Flux's optimisers are really modifications applied to the gradient before using it to update the parameters, and `OptimiserChain`

applies two such modifications. The first, `WeightDecay`

adds `0.42`

times original parameter to the gradient, matching the gradient of the penalty above (with the same, unrealistically large, constant). After that, in either case, `Adam`

computes the final update.

The same `OptimiserChain`

mechanism can be used for other purposes, such as gradient clipping with `ClipGrad`

or `ClipNorm`

.

Besides L2 / weight decay, another common and quite different kind of regularisation is provided by the `Dropout`

layer. This turns off some outputs of the previous layer during training. It should switch automatically, but see `trainmode!`

/ `testmode!`

to manually enable or disable this layer.

## Freezing & Schedules

Finer control of training, you may wish to alter the learning rate mid-way through training. This can be done with `adjust!`

, like this:

```
opt_state = Flux.setup(Adam(0.1), model) # initialise once
for epoch in 1:1000
train!([...], state) # Train with η = 0.1 for first 100,
if epoch == 100 # then change to use η = 0.01 for the rest.
Flux.adjust!(opt_state, 0.01)
end
end
```

With the old "implicit" optimiser, `opt = Adam(0.1)`

, the equivalent was to directly mutate the `Adam`

struct, `opt.eta = 0.001`

.

Other hyper-parameters can also be adjusted, such as `Flux.adjust!(opt_state, beta = (0.8, 0.99))`

. And such modifications can be applied to just one part of the model.

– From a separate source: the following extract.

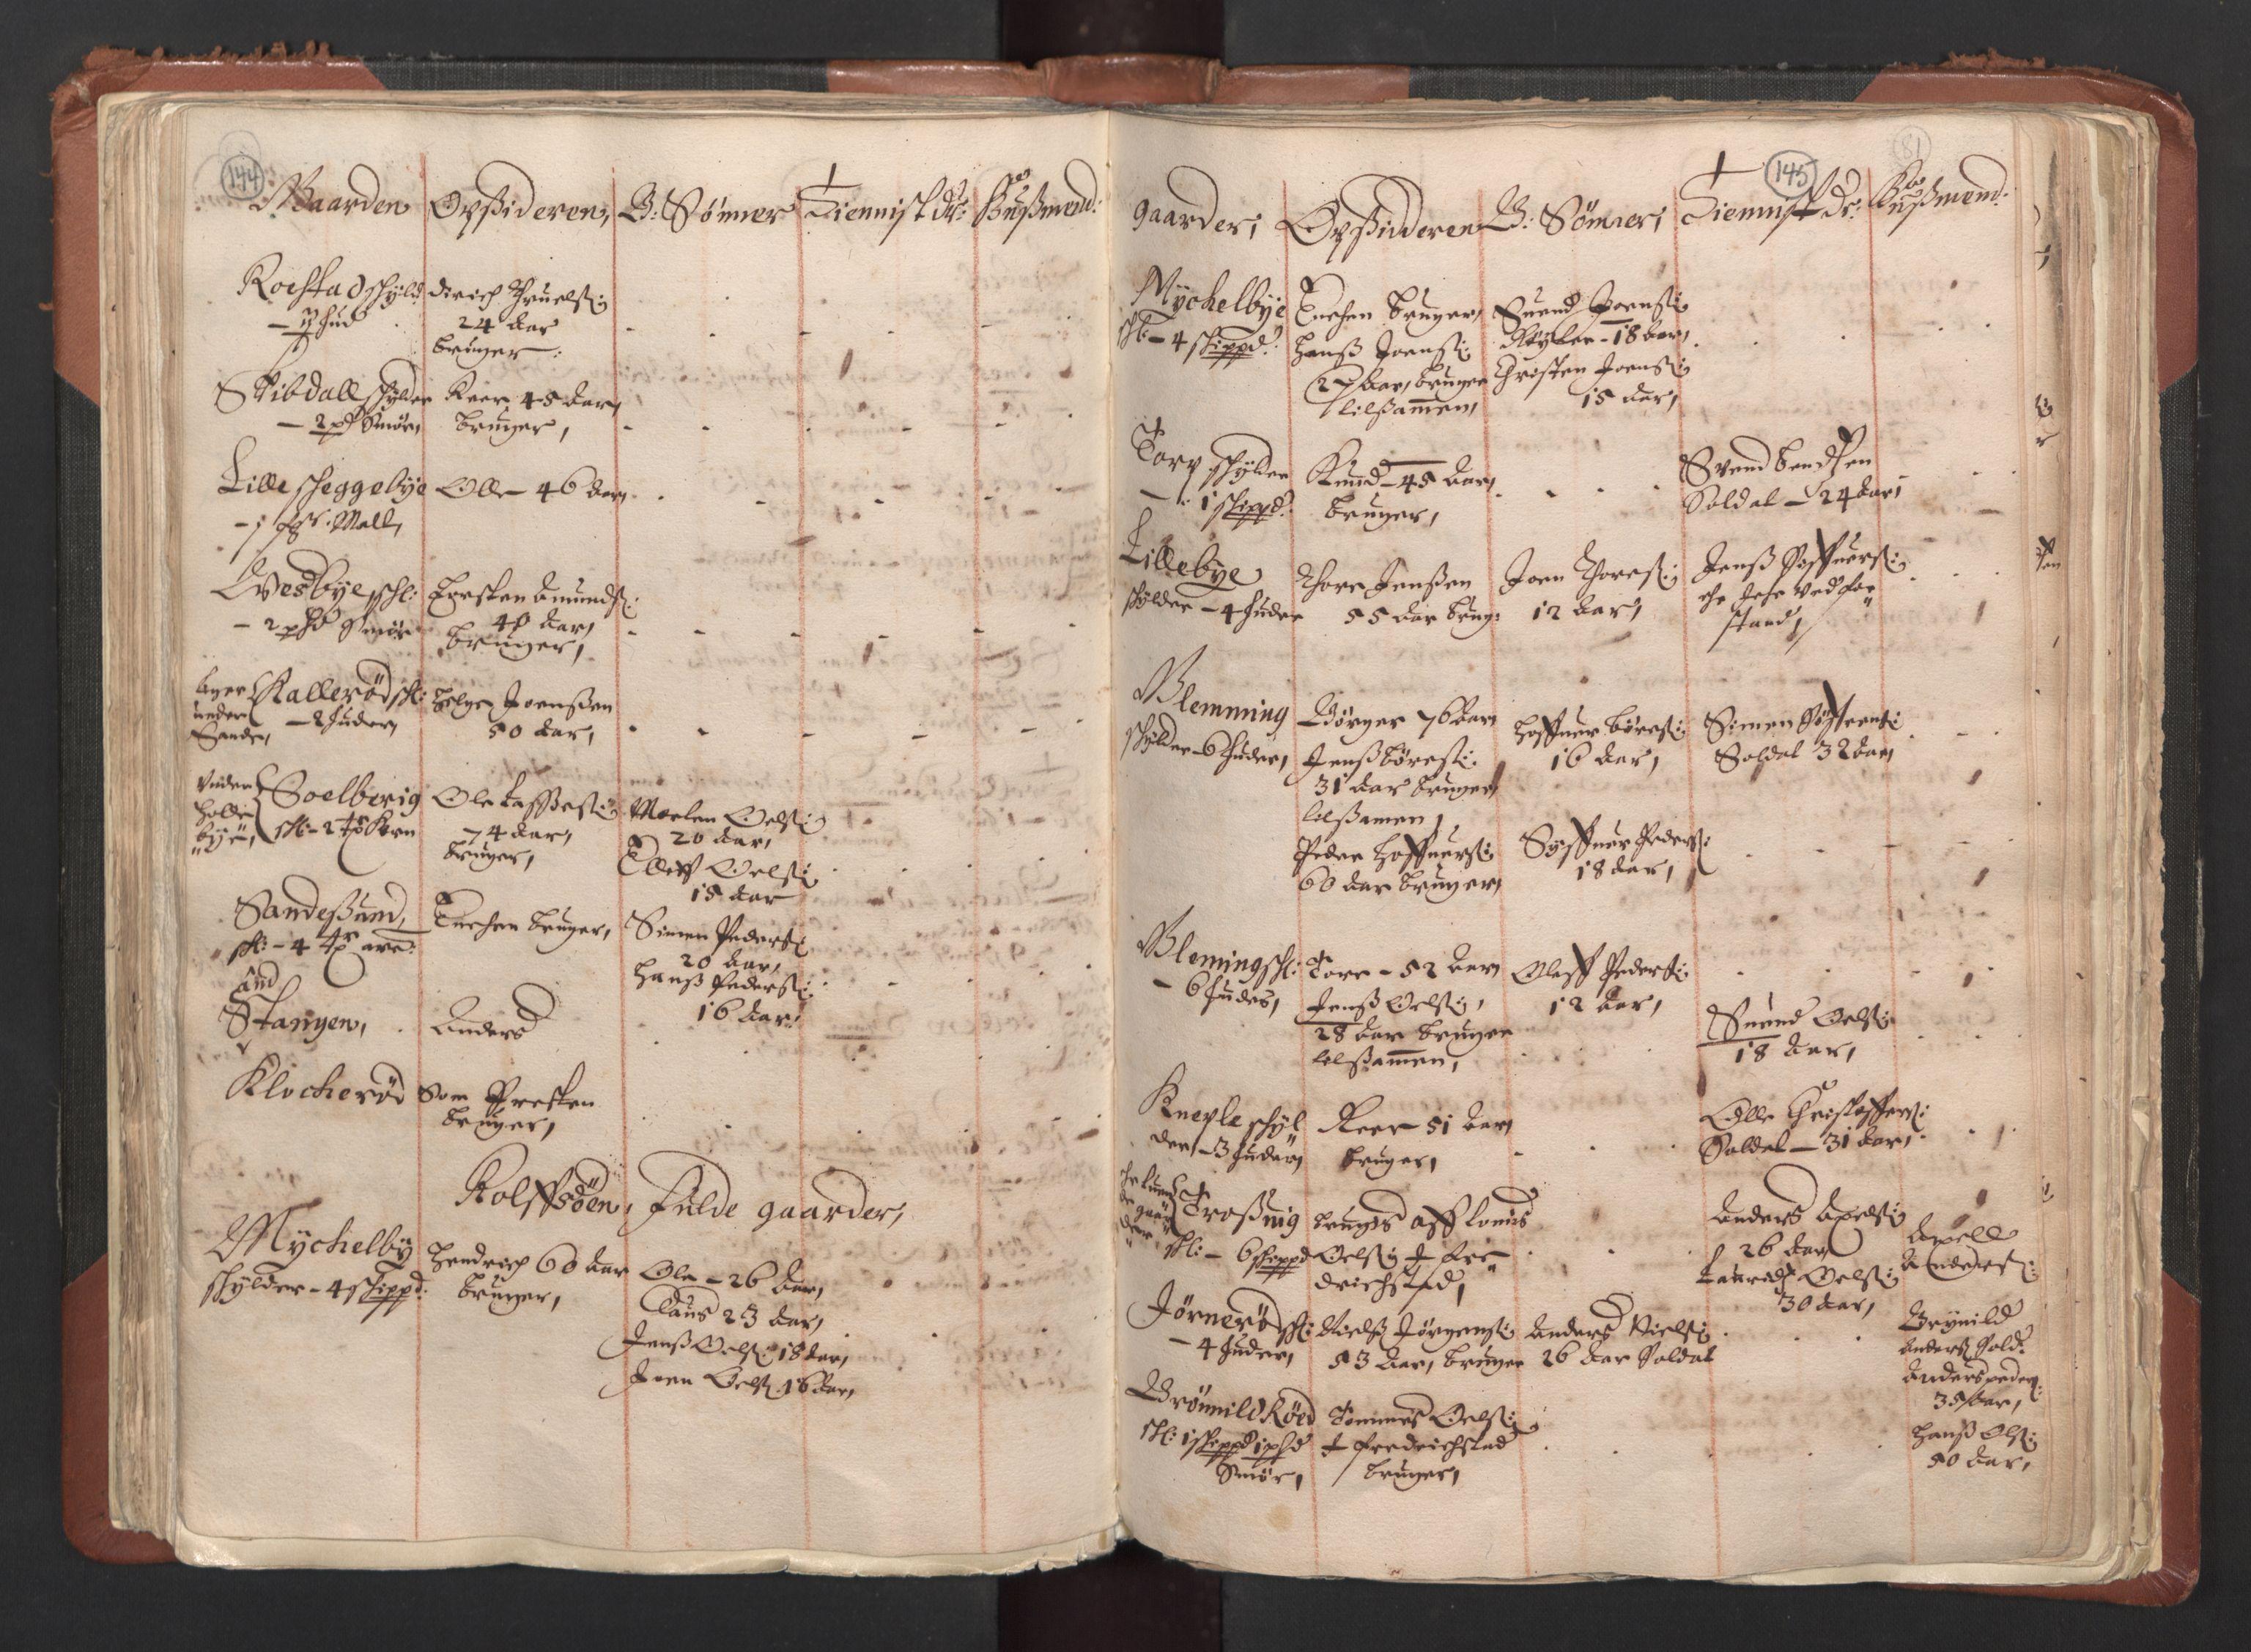 RA, Fogdenes og sorenskrivernes manntall 1664-1666, nr. 1: Fogderier (len og skipreider) i nåværende Østfold fylke, 1664, s. 144-145

For instance, this sets a different learning rate for the encoder and the decoder:

```
# Consider some model with two parts:
bimodel = Chain(enc = [...], dec = [...])
# This returns a tree whose structure matches the model:
opt_state = Flux.setup(Adam(0.02), bimodel)
# Adjust the learning rate to be used for bimodel.layers.enc
Flux.adjust!(opt_state.layers.enc, 0.03)
```

To completely disable training of some part of the model, use `freeze!`

. This is a temporary modification, reversed by `thaw!`

:

```
Flux.freeze!(opt_state.layers.enc)
# Now training won't update parameters in bimodel.layers.enc
train!(loss, bimodel, data, opt_state)
# Un-freeze the entire model:
Flux.thaw!(opt_state)
```

The earlier "implicit" equivalent was to pass to `gradient`

an object referencing only part of the model, such as `Flux.params(bimodel.layers.enc)`

.

## Implicit or Explicit?

Flux used to handle gradients, training, and optimisation rules quite differently. The new style described above is called "explicit" by Zygote, and the old style "implicit". Flux 0.13 and 0.14 are the transitional versions which support both.

The blue-green boxes above describe the changes. For more details on training in the implicit style, see Flux 0.13.6 documentation.

For details about the two gradient modes, see Zygote's documentation.